A first-ever humanoid robot factory will open soon, according to this story, and others are racing to compete for the opportunity to replace human workers with machines.

Things won’t move as fast nor as seamlessly or profitably as the companies and their financial backers hope — the innovations in tech hype have exceeded actual tech invention for quite some time now — but the news evidences a longstanding truth in robotics and automation:

Movement is as important is intelligence.

Let’s face it: Some of the work any of us does is kinda dumb, and for some it’s more than others. Simple and repetitive tasks don’t require much contemplation and experience expands the list of those activities. Other than the half-dozen geniuses who spend their every waking moment contemplating the cosmic constant, the rest of humanity is occupied doing stuff that’s at least sometimes if not often dull.

What makes us special isn’t what we know how to do such tasks but rather that we can get to them and accomplish them.

Something stuck under a couch? We can snake an arm under it, up to a point. Dive a car? Sure, as long as we stay awake and aware. Carry boxes from one spot to another? We depend on our arm strength. Run, jump, press, turn or otherwise effect change in the physical world?

We can do that.

The human form is uniquely ill-suited to any one action and perfectly configured for all of them. Our limits mean that the tasks we can accomplish are all but limitless, our imperfections the perfect tool for any need.

Industrial robots configured for specific tasks have been around for years; you’ve probably seen pictures of long articulated arms hovering over car assembly lines or, more recently, warehouse pallets that carry boxes. Spreadsheet programs that move numbers and online retail portals that actuate purchases are also tech that’s configured for doing a set number of things really, really well.

Bipedal robots, if and when they arrive, will make all of the dumb human tasks that they literally couldn’t get to before more accessible.

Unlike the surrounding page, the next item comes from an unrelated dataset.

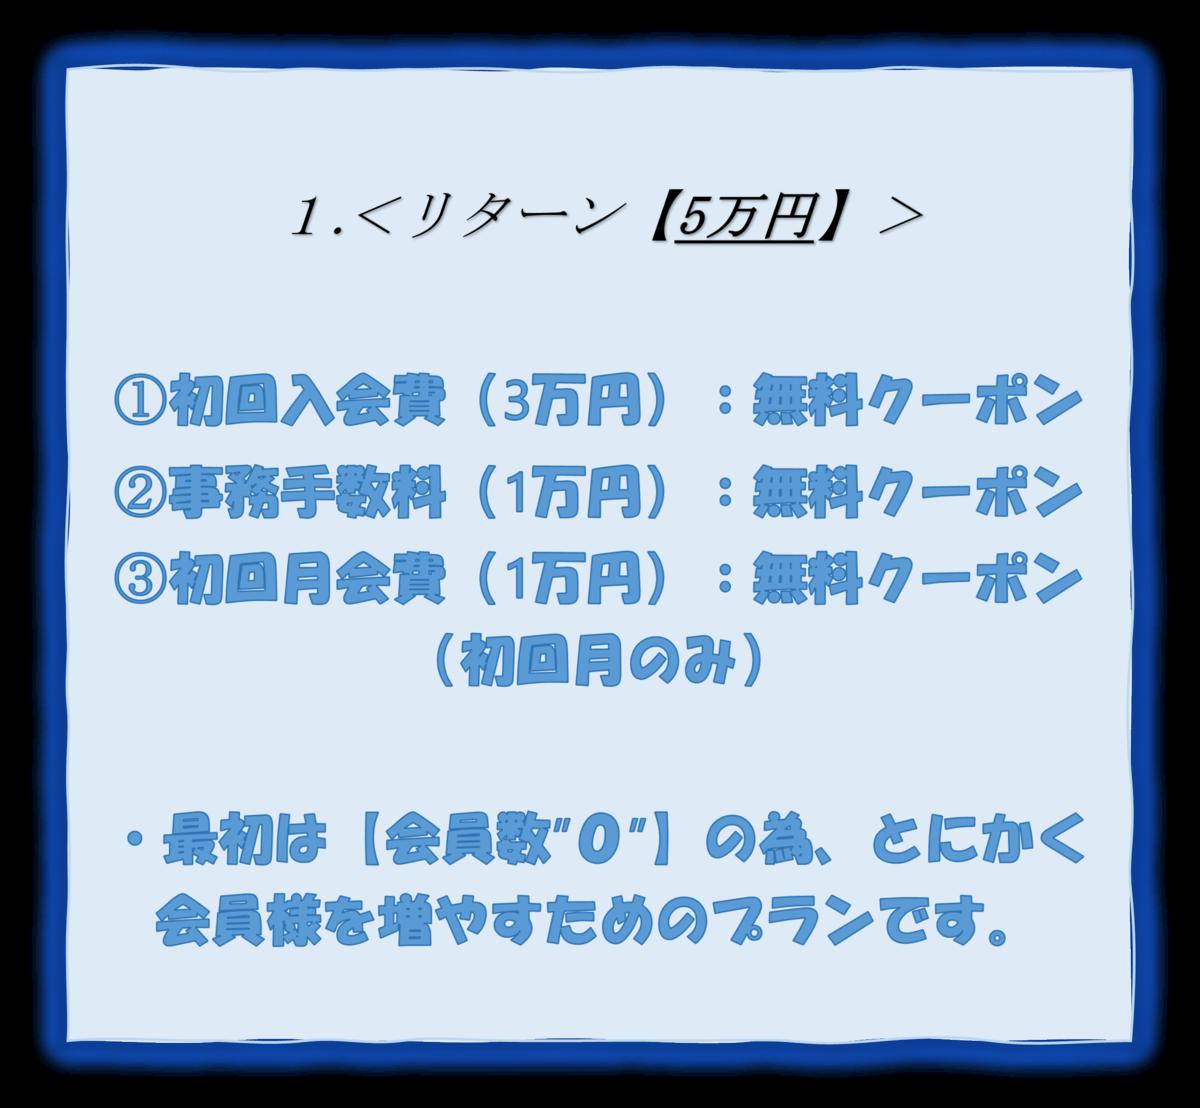 f:id:tsubasatyann:20210424110019p:plain

This makes a general purpose robot far scarier than one designed for a limited number of actions.

It doesn’t have to be smart. It doesn’t have to be sentient or harbor angry thoughts about destroying humanity.

It just has to be no dumber than we are to take dumb tasks away from us once they can move as we do.

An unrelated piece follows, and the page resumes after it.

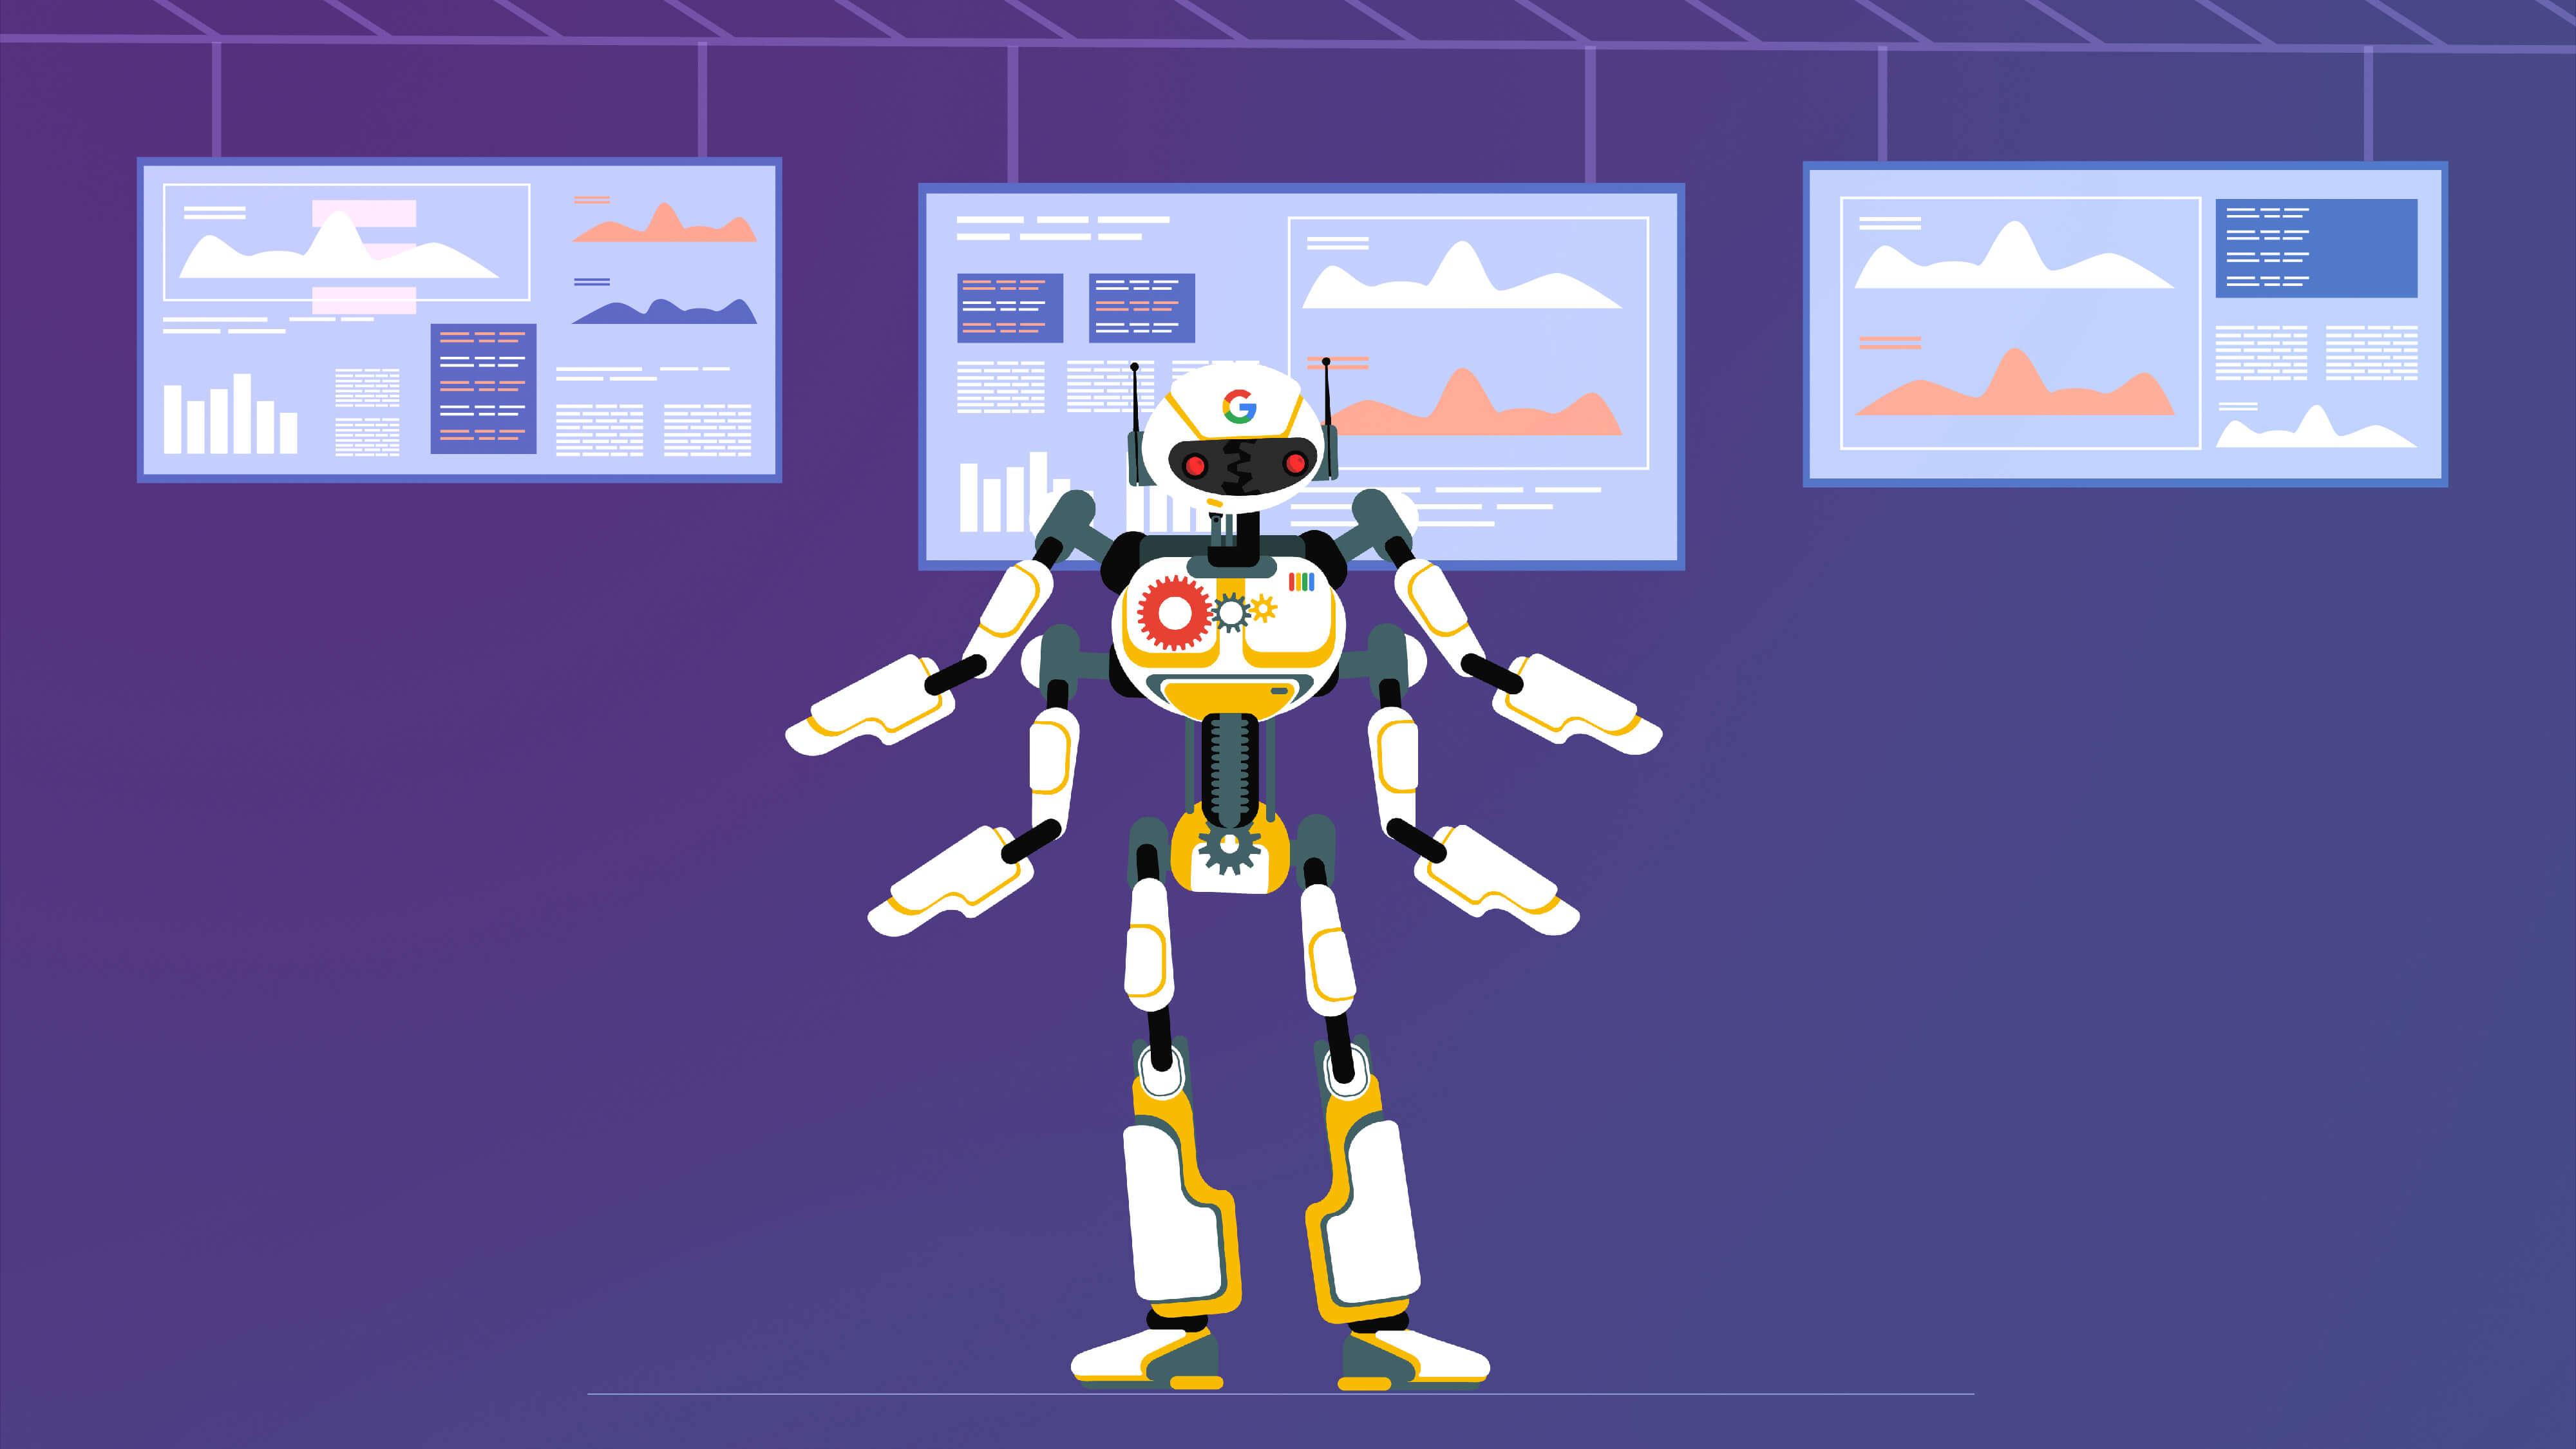 Google Machine and AI

I’m all for the fantasy of a bipedal robot carrying my shopping bags for me or letting me ride on its shoulders so I can see above the crowd at a concert.

But then I shudder when I think of all the jobs that’ll disappear and, as those robots learn as they work, they’ll qualify to assume more of them.

The idea of Artificial General Intelligence (“AGI”) posits a machine someday that has the ability to think like a human being. I wonder if the era of Artificial General Movement (“AGM”) isn’t a far more real and immediate issue?